No wetsuit suit for him today: instead, he zigzags beside me on the deserted sidewalk in a teal-blue fringed leather jacket. He's shirtless underneath, and I know why: he wants to see the gao yord on his stomach to bolster his courage. Just like that faint scar on his sternum, now a permanent reminder that death does not want him.

I saw his smile last night as he looked at that scar in the mirror, before changing to head to the theater. A kind of pride in what he was and could do, something I'd rarely seen in him.

He wants to find answers at Hargreeves Mansion, I'm now willing to help him. And I have chosen to reconnect with something I haven't done in a long time: using his distraction to investigate in my own - invisible and silent - way, what Reginald Hargreeves is, and how he's connected to the reset of the universe's machinery.

I haven't been able to talk to Diego about the alien nature of his father. Chet confirmed that Lila and Diego were still there in the morning and hadn't been kugelblitzed, but I couldn't find him anywhere. He's likely still with Lila in the White Buffalo suite. Disturbing them was the last thing I wanted to do.

No matter. I'm sure I can learn a lot from the objects in Reginald Hargreeves's office, especially since Klaus told me something interesting enough to stick in his notoriously unreliable memory: on the wall of that room, where the old man now lives almost cloistered by his children, hangs a painting... of a white buffalo.

"Do what you have to, with him", I tell him as we slow our pace at the corner of Rigel Street, where the windows of the hallway leading to his father's office are located. "I'll do my own little search in the meantime."
He chuckles with glee.
"I can't believe it, Rinny. You're going stealth mode again, like in the badass days of bars and waffles, crests and spikes."
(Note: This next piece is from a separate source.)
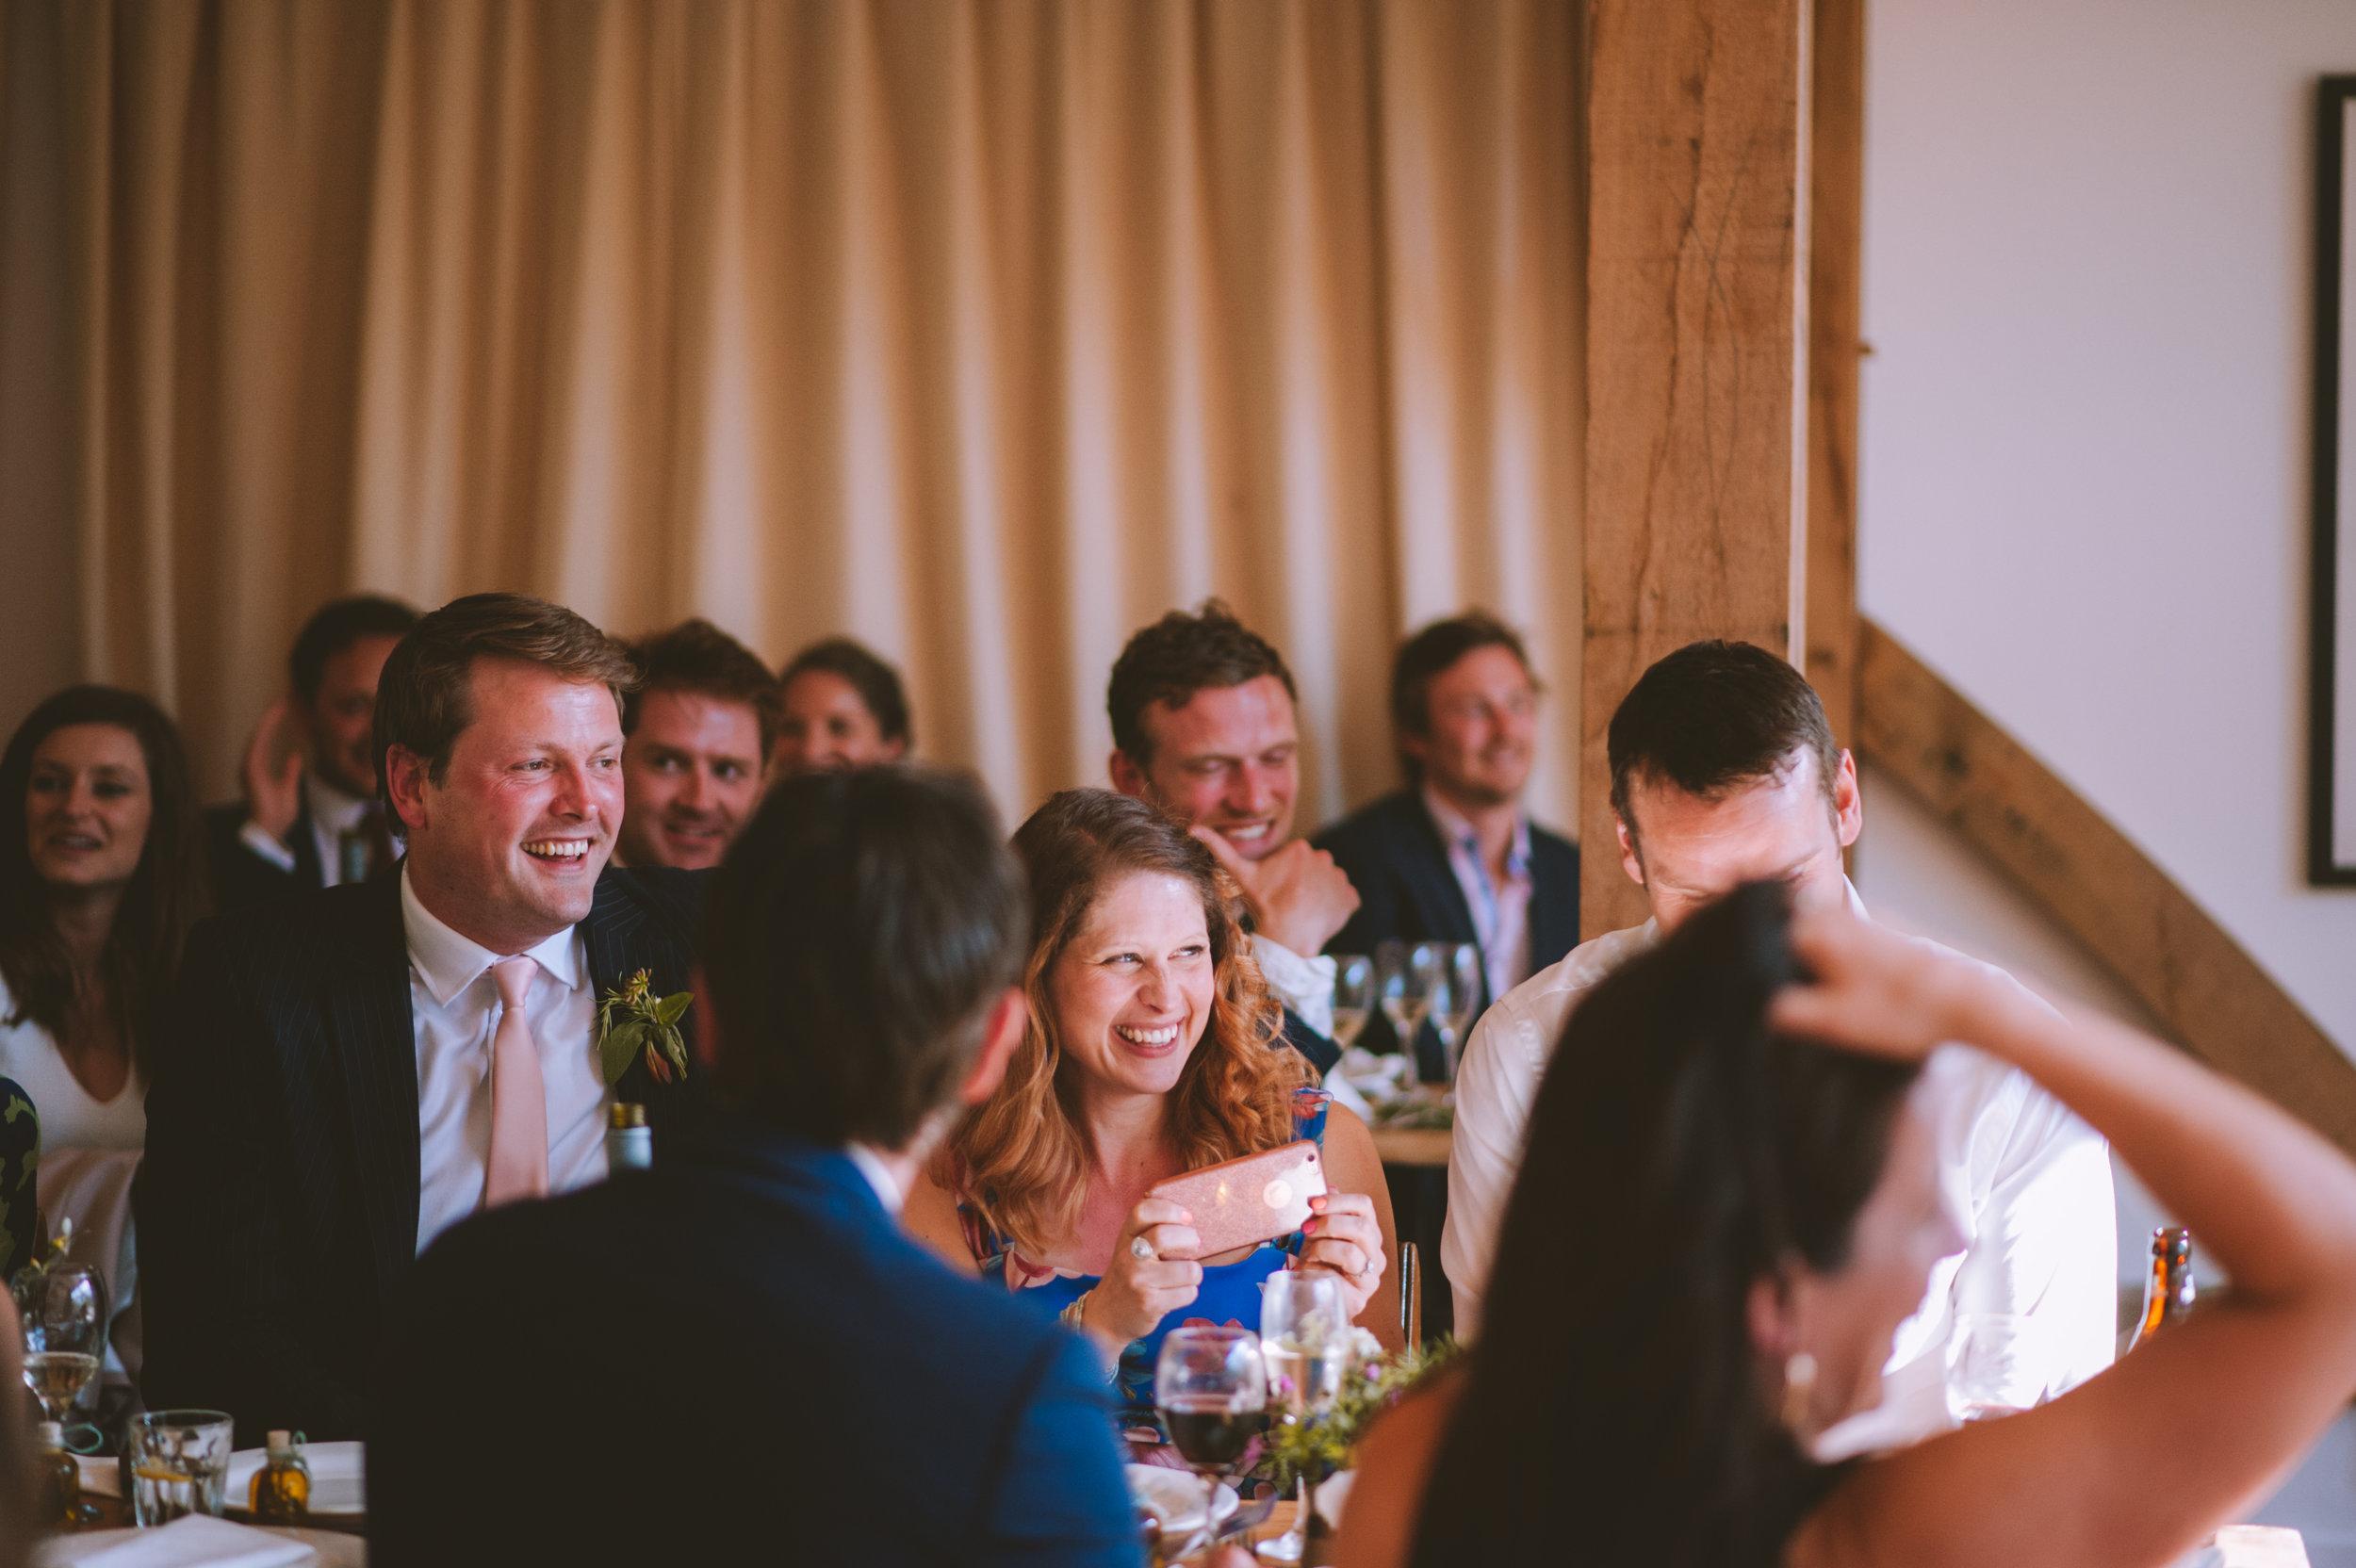 nancarrow-wedding-photography-56.jpg

The days of squats, dumpsters, and the fire escape behind Granny's building. We pause for a moment against the storefront of an abandoned and looted grocery store, and I take the liberty of tempering his nostalgia.
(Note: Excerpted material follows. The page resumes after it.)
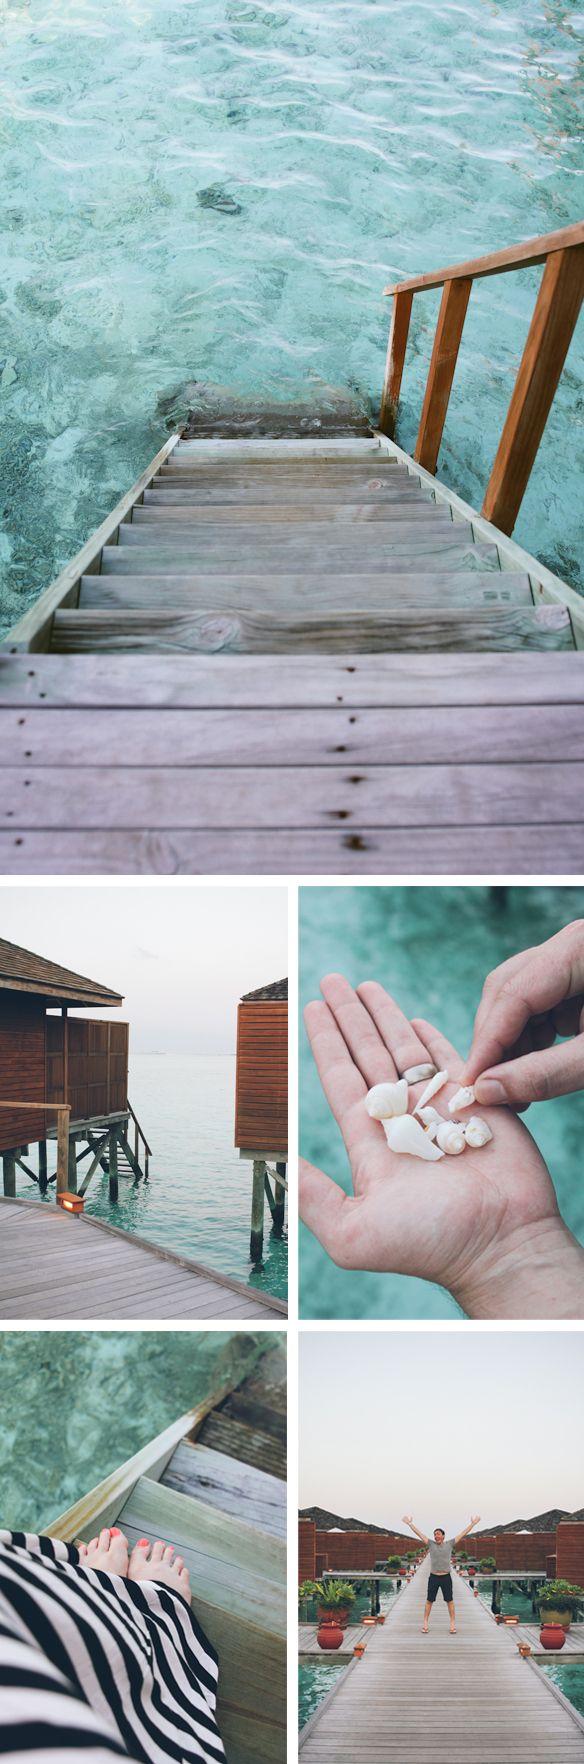 meeru island resort  maldives    The Honeymoon Part 1 | fellowfellow

"I'm not proud to be doing this", I tell him to be clear. "But I want more information before confronting him."

Klaus doesn't care: he squeals in excitement, though I can also see that he's nervous about what we're about to do, and what we might discover. I look up at the windows, visualizing it as clearly as I can to secure our jump.

"Don't let him fool you with sweets this time", I say, trying to sound calm, because he needs me to be. "And don't get sidetracked talking too much."
"Yes. Yes. Direct and to the point."

I sigh and nod. And as he returns my anticipatory smile, I grab his turquoise fringed sleeve and squeeze his forearm.

*Crack!*

Our arrival on the black-and-white checkered floor makes him stagger, and he sways against a glass wall sconce that crashes to the floor in a shattering of fragments.

"Damn it, Klaus..."

Our 'discreet arrival' is a failure. I pull him to prevent him from teetering the other way, and he manages to stabilize himself. I'm not sure he'll ever get used to teleportation. Silence returns, and our eyes meet one last time. I don't want to be seen. So, in one more split second, he can no longer see me and he feels my hand release his arm.

He looks around, momentarily forgetting which door to knock on, but he finally chooses correctly, as it opens to the confused mustache of a defensive Reginald Hargreeves, a fireplace poker in hand.

"You again!", he exclaims, straightening as he quickly realizes he faces no threat. Klaus puts his hands on his heart as if touched, and Hargreeves hisses: "To what do I owe the intrusion?"

He steps back, and Klaus steps inside, feigning nonchalance. Too slowly for my taste, so I slip past him - invisible - to the left side of the room filled with various objects, reeking of Earl Grey tea and mustache wax. I vaguely hear him explaining that - since it's the end of the world for the third time - he might as well get to know his old man, to which Hargreeves protests that he is not. But I focus on my mission and slide along the glass display cases where his monocled father keeps a plethora of artifacts.

There's a jumble of items from many cultures, likely brought back from a series of trips. Reginald Hargreeves is clearly an amateur anthropologist, which I already knew in our version of 2019, from the gallery where I spoke with Pogo. He's interested in human cultures from everywhere. Despite all the harm he's done to his own children, paradoxically, he is fascinated by humans, and undoubtedly has been for a very long time.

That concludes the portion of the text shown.